Mit derlei dämlichen Unterstellungen


> Zuviel 'Tanz ums aluminöse Kalb' verschleiert die eigentliche Absicht, nämlich die Geselligkeit von Menschen, die sich über ein gemeinsames Hobby und die Findung eines adäquaten Repräsentanten dieses Steckenpferdes definieren.


unterminierst Du genau diese Geselligkeit.


> Für mich hat das mitlerweile etwas von einer 'Opel Manta'-Clubmeierei! Schade.

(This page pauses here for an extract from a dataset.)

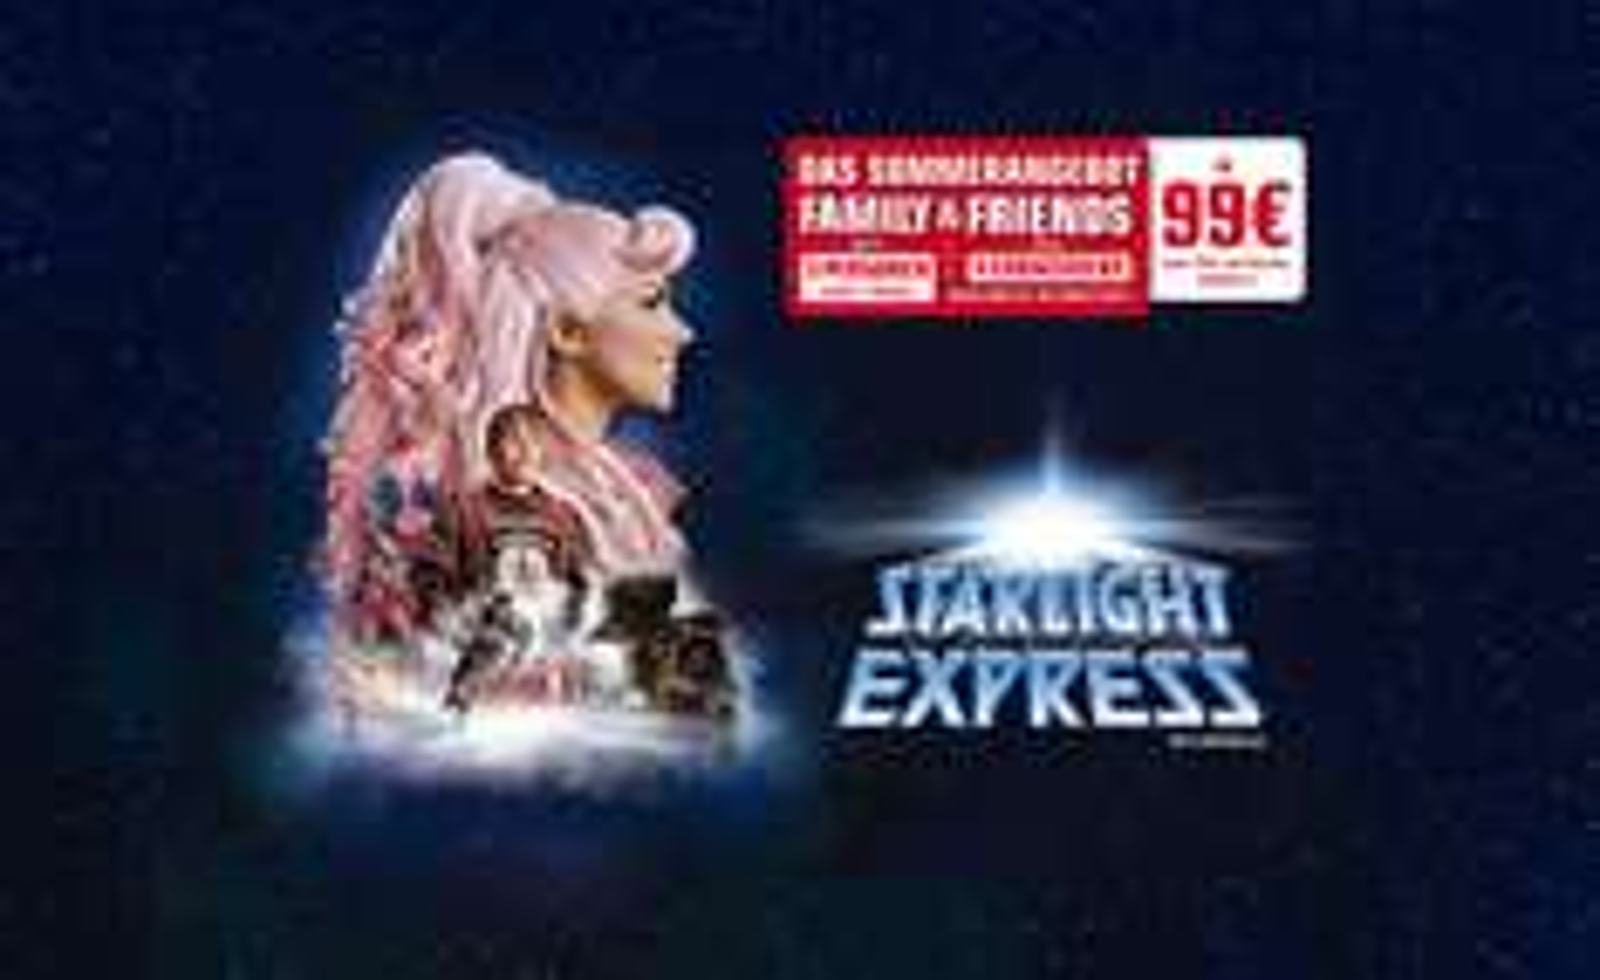 """ STARLIGHT EXPRESS "" 5 Musical Tickets (mind.2 Kinder bis 14J.) oder 4 Erw. ab 99€"
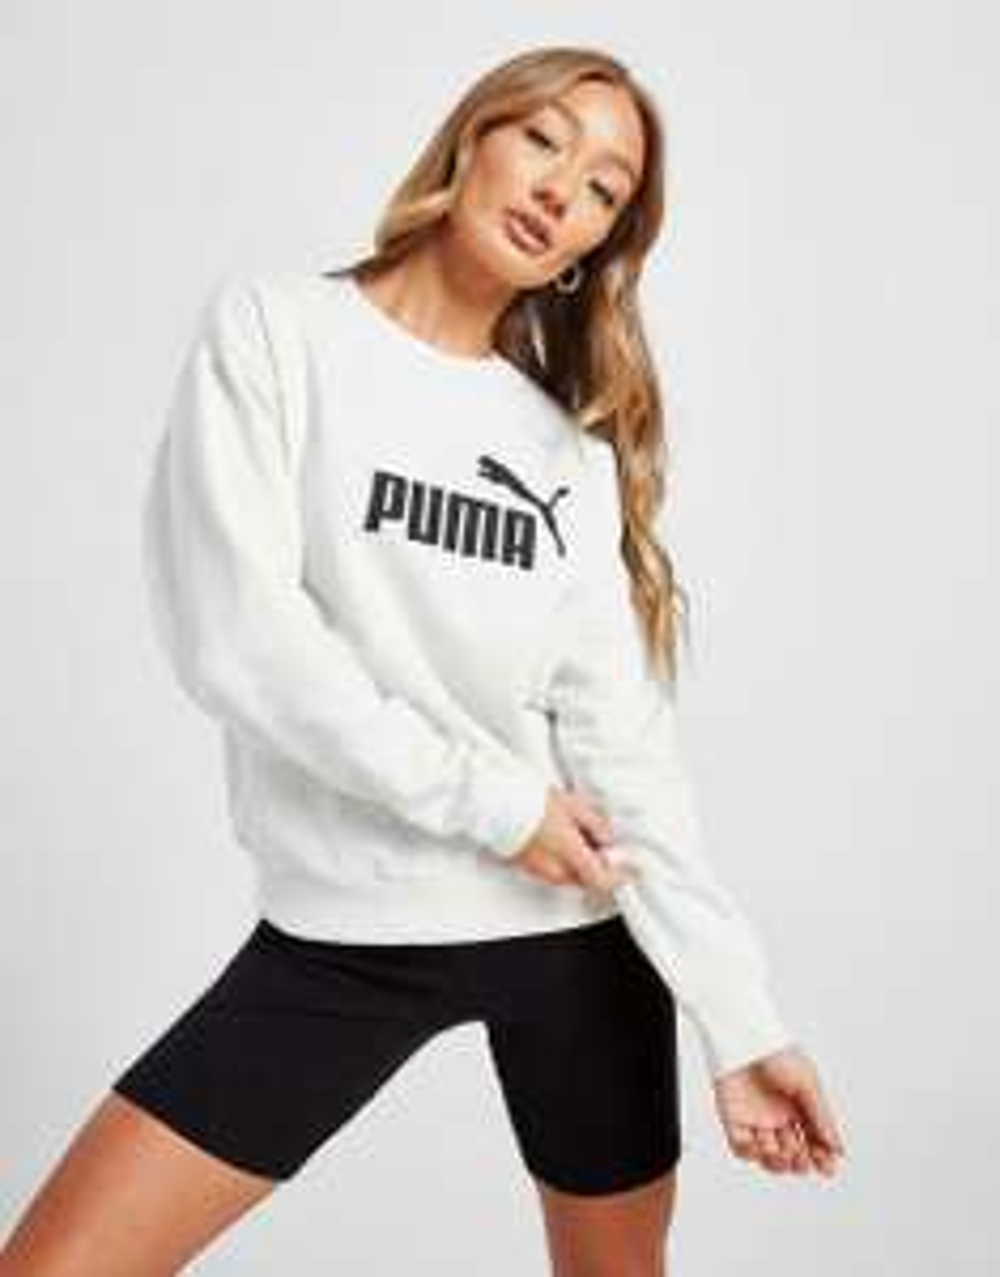 Puma Women's Core Crew Long Sleeve Sweatshirt White / Black £10.19 delivered @ JD Outlet /eBay

Auf gar keinen Fall wollen wir Deine hochmögenden Sensibilitäten mit unseren profanen, proletenhaften Angebereien beleidigen. Ich schlage vor, Du suchst Dir Gesellschaft, die Deinem charakterlichen Wert angemessener ist.


----------



## carloz (23. November 2004)

Ad rem, Eisenfaust. Ad rem !

Wieso steht unten in deinem posting: "Weiter so..." ?!
Wenn ich deinen rhetorischen Erguss richtig deute bist du mit der Richtung in die das ganze geht nicht zufrieden, oder irre ich ?

Wie wäre es, ob deiner gar knappen und kostbaren Zeit mit ein paar Stichworten zum Aufbau der Seite ?

Sie soll ja dezent bleiben.

Nur leider kann man beim entwickeln solcher Sachen sehr leicht abdriften.
Daher ist man hier auf konkrete Hinweise angewiesen.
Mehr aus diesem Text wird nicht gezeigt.